Investigação brasileira confirma a eficácia do teste de sangue no diagnóstico precoce do Alzheimer. O estudo concluiu que a proteína p-tau217, identificável através de um exame de sangue, é o principal biomarcador na distinção entre indivíduos saudáveis e indivíduos acometidos pela referida doença.
O projeto de pesquisa foi financiado pelo Instituto Serrapilheira, com o intuíto de ser implementado em larga escala no Sistema Único de Saúde (SUS).
Segundo Eduardo Zimmer, investigador atuante na Universidade Federal do Rio Grande do Sul (UFRGS), no Brasil os diagnósticos de Alzheimer são realizados através de dois exames: Líquor, que consiste em coletar o fluído vertebral do paciente de maneira invasiva, e a tomografia, um exame de imagem. Ambas as análises possuem altos custos de realização, dificultando a sua implementação em larga escala.
De acordo com Zimmer, os exames de líquor e de tomografia podem ser solicitados pelo médico para o diagnóstico da doença de Alzheimer assistida por biomarcadores. No entanto, considerando o tamanho e a diversidade demográfica do Brasil, com 160 milhões de pessoas dependentes do SUS, é notável a dificuldade no desenvolvimento desses exames em larga escala.
A pesquisa foi realizada por 23 pesquisadores, incluindo oito brasileiros, analisando mais de 110 estudos sobre o tema envolvendo cerca de 30,000 pessoas. A análise confirmou que a p-tau217 presente no sangue é o biomarcador mais promissor para identificar a doença de Alzheimer.
Atualmente, o diagnóstico precoce do Alzheimer é considerado um dos principais desafios de saúde pública no mundo e, conforme a Organização Mundial de Saúde (OMS), existem aproximadamente 57 milhões de pessoas vivendo com algum tipo de demência, com pelo menos 60% desses casos diagnosticados como Alzheimer. No Brasil, estima-se que cerca de 1,8 milhão de pessoas vivem com a doença, com projeção de triplicar até 2050.
O estudo identificou que a baixa escolaridade pode agravar a doença, reforçando a hipótese de que fatores socioeconômicos e educacionais impactam no envelhecimento cerebral.
O diagnóstico por exame de sangue já é uma realidade na rede privada de saúde, com testes como o americano PrecivityAD2 sendo oferecidos por um custo de até R$3,6 mil. Zimmer explica que, para que o exame seja implementado no SUS, é preciso entender se ele terá performance necessária e estabelecer a estratégia e a logística para a sua inclusão.
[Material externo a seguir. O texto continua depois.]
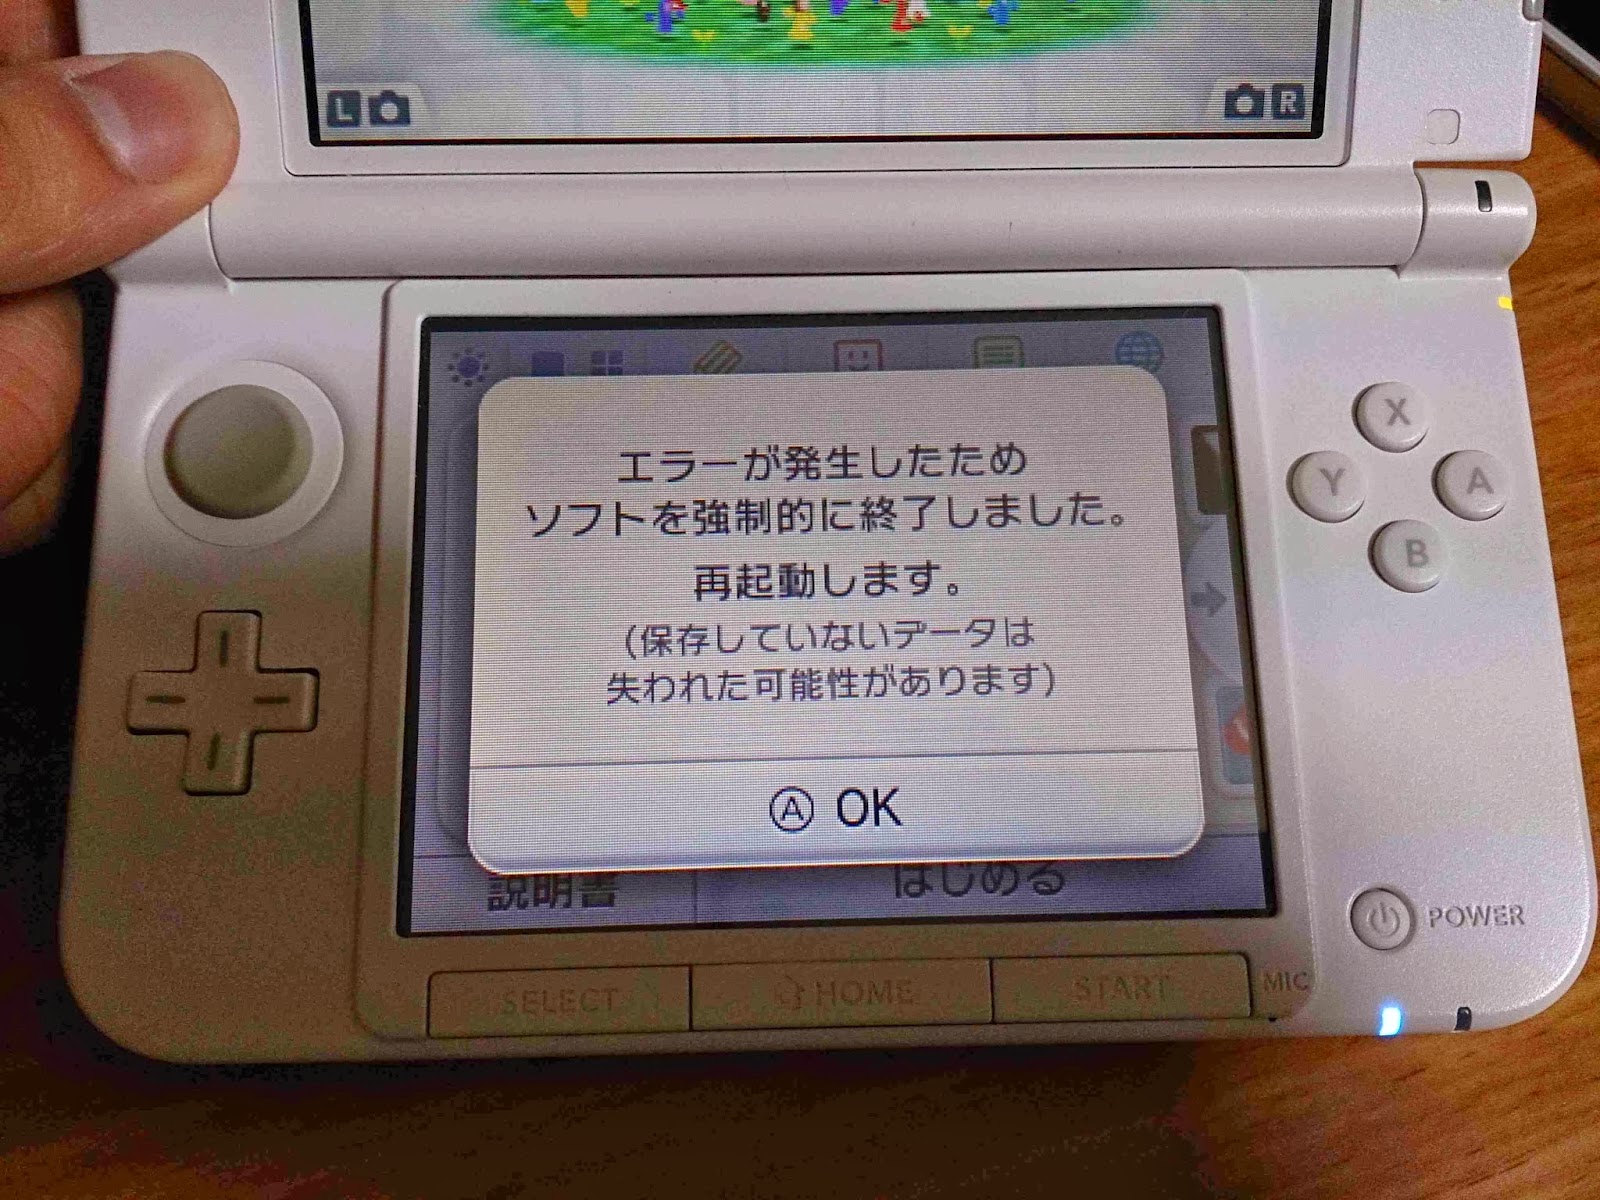 akiraの暇を晒す日記帳的な(暇晒帳): 3DSの「すれちがいMii広場」が更新された時の事を暇晒していきます。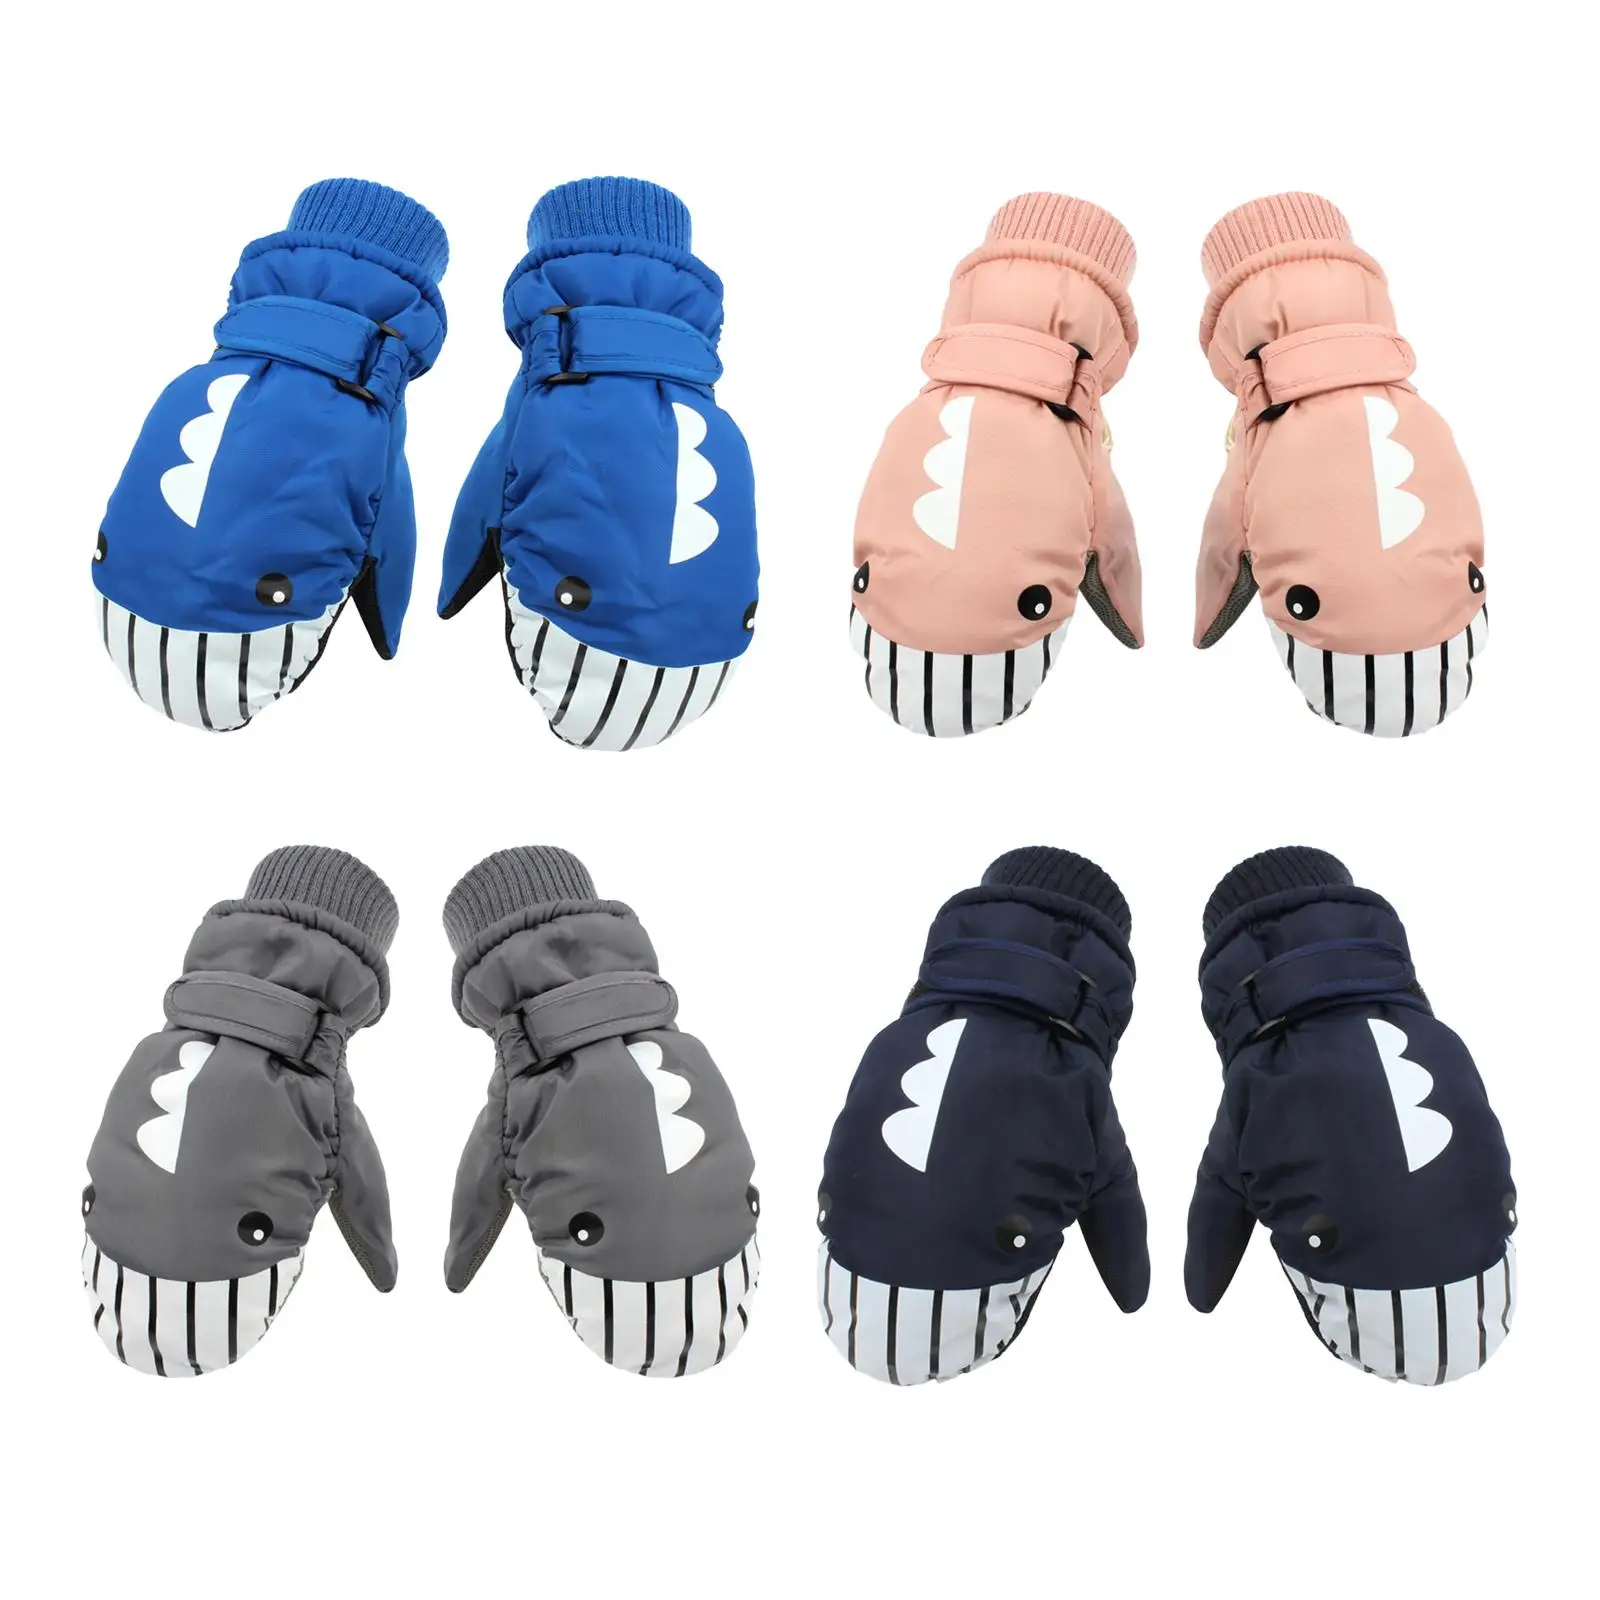 Kids Winter Gloves Warm Gloves Waterproof Nonslip Lightweight Snow Ski Gloves for Running Outdoor Riding Skating Cold Weather

Antes que o exame possa ser disponibilizado pelo SUS, ainda há um longo caminho a ser percorrido. Os resultados definitivos do estudo estarão disponíveis em cerca de dois anos, e, apesar de a doença ser mais comumente diagnosticada em pessoas acima de 65 anos, estudos serão iniciados em indivíduos com mais de 55 anos.
O estudo completo foi publicado na revista Molecular Psychiatry e seus resultados foram confirmados em uma revisão internacional publicada no periódico Lancet Neurology.